The Swiss economics ministry has been accused of trying to foil Indonesia's corruption probe into Switzerland's dealings with the former Suharto regime. The accusation was made by a Swiss NGO, the Berne Declaration.This content was published on June 21, 2000 - 23:20
The Berne Declaration claims the economics ministry is intent on stymieing Indonesia's efforts to investigate exporters' dealings with the former regime.
It says the officials in the department responsible for issuing export risk guarantees have been deluging the Indonesian authorities with correspondence and visits since Jakarta began investigating allegations of Suharto's corruption.
They are trying to convince the Indonesian authorities to recognise the validity of contracts signed by the former Suharto regime.
Peter Silberschmidt, who's in charge of export risk guarantees at the economics ministry, defended his department's position, saying it was pursuing its interests in a perfectly legitimate way.
He said his only concern was that contracts issued by the Suharto regime were honoured by Indonesia, and that any corruption enquiry was an internal matter.
The Berne Declaration says Indonesia was the most important recipient of export risk guarantees when Suharto stepped down in 1998. At the time, it says the country had guarantees worth SFr1.1 billion from Switzerland, mainly to cover three power stations run by the firm ABB.
The Berne Declaration points out that under Suharto, Indonesia's energy sector was notoriously corrupt.

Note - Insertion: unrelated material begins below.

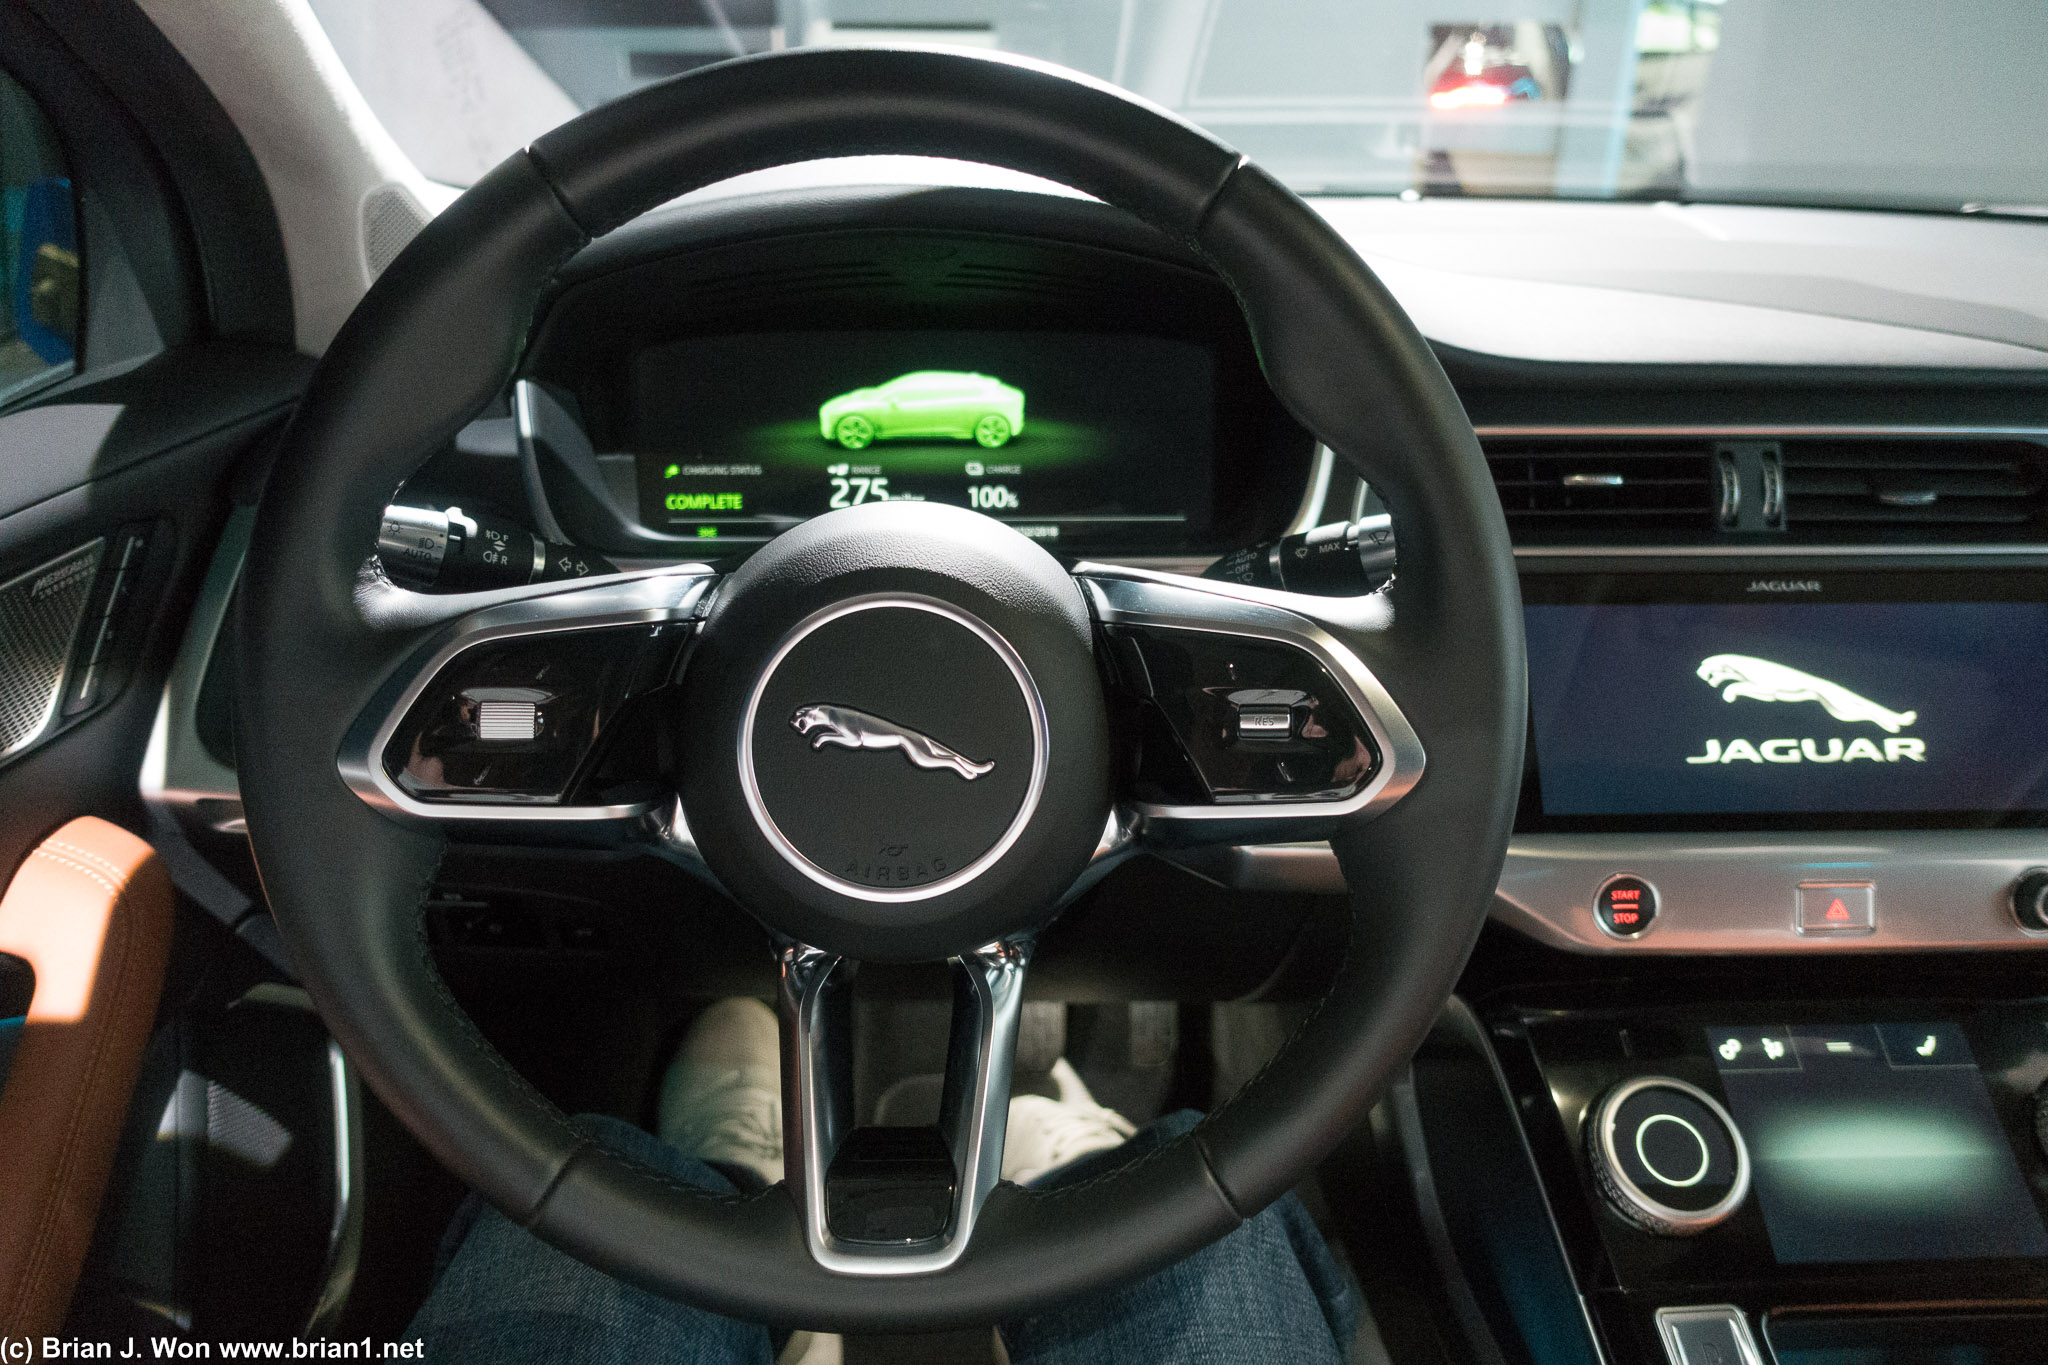 It's like Jaguar can do a $100k interior or a $20k one, and nothing in-between.

It claims ABB's participated in these practices, which included generating excess electricity, which was considerably overpriced.

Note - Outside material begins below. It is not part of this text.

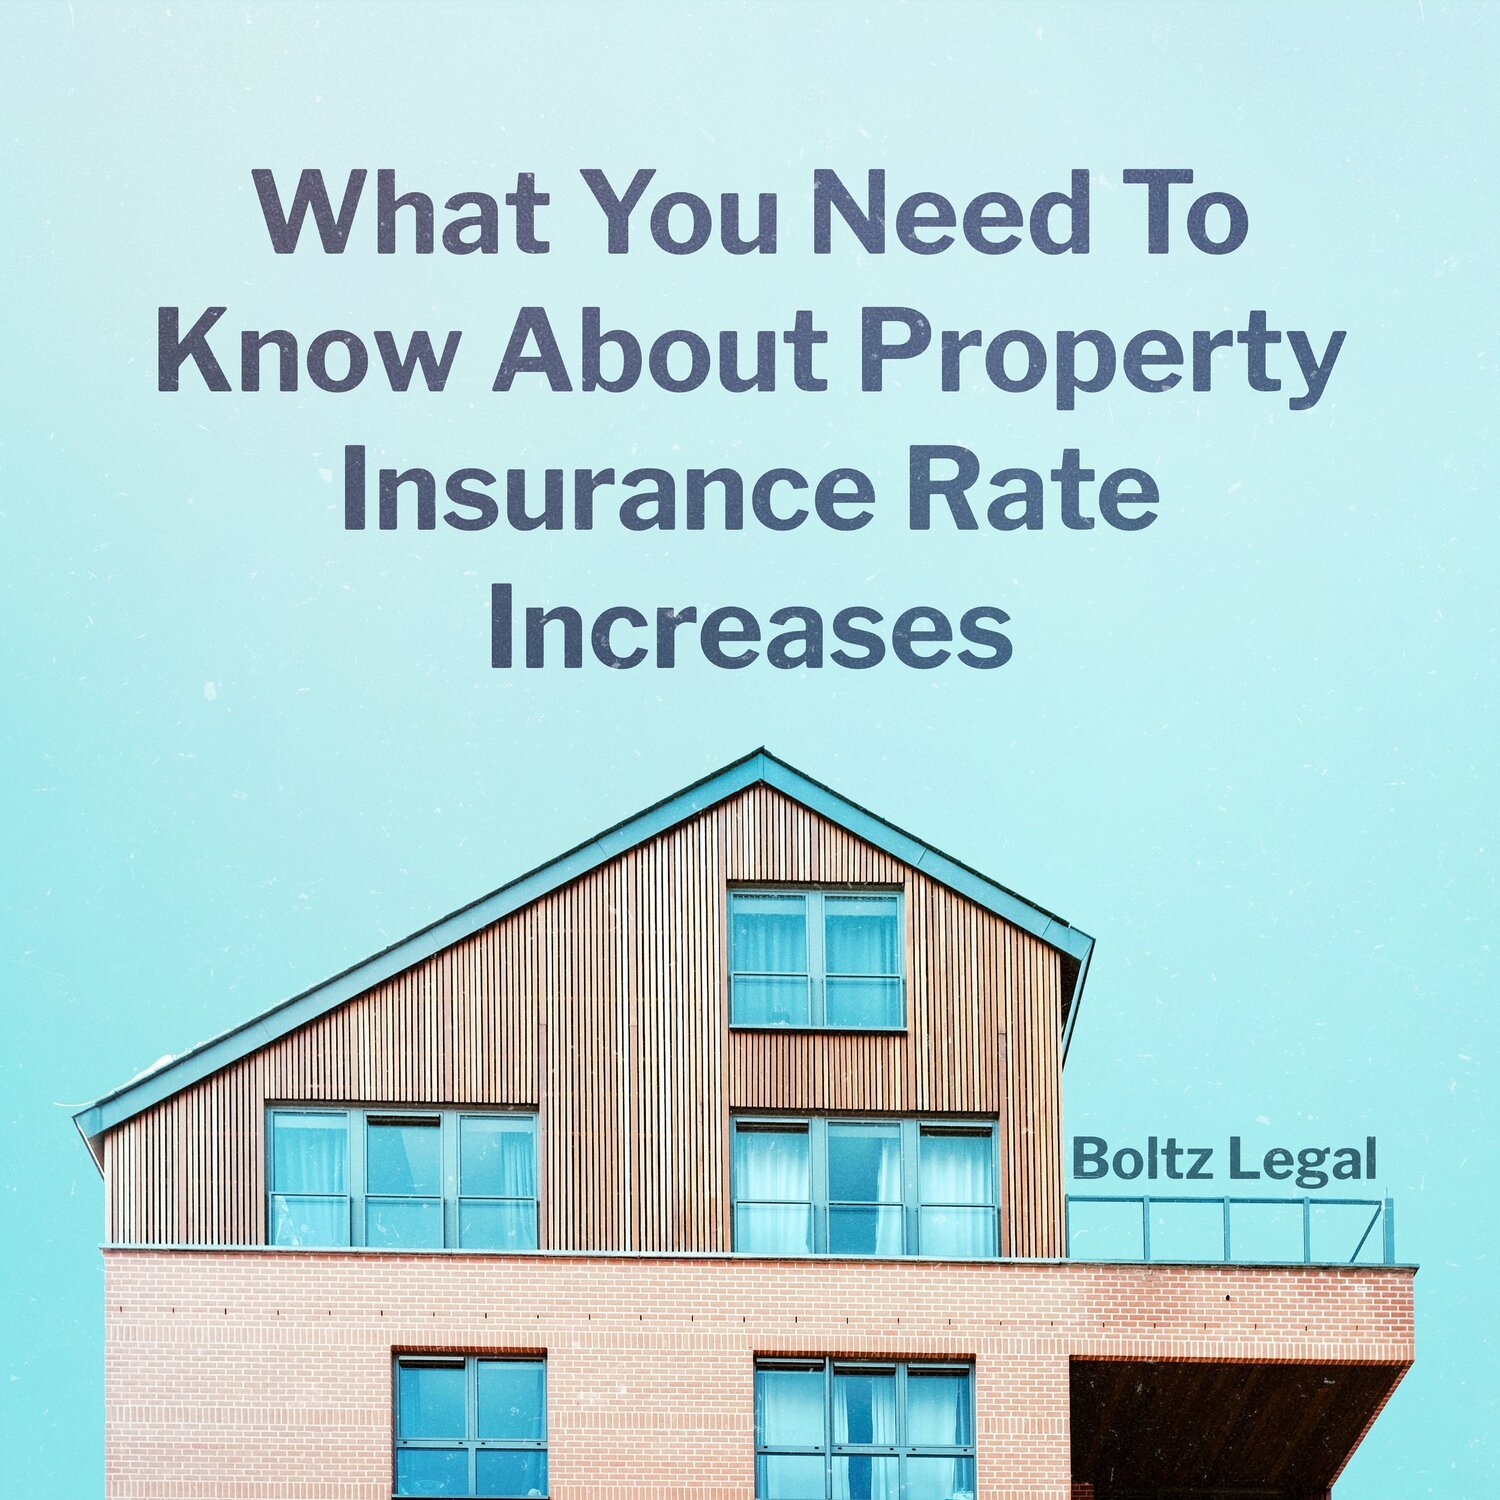 How much is residential builders liabilit insurance

In a letter to the Swiss economics minister, Pascal Couchepin, the Berne Declaration says the Swiss foreign ministry has been kept completely in the dark about the campaign to try to prevent Indonesia's corruption probe.
The letter's author, Peter Bosshard, wants Switzerland to clarify the economics ministry's position as far as corrupt foreign governments are concerned. "The question is how the recently revised corruption law, which makes it an offence for Swiss companies to bribe foreign officials, applies to export risk guarantees."
Kurt Schärer of economics ministry's export risk commission said his department was not accountable for violations of the revised law, and it was up to exporters to ensure they abided by it.
The Berne Declaration is a Swiss non-governmental organisation, which works to promote better relations between rich and poor countries.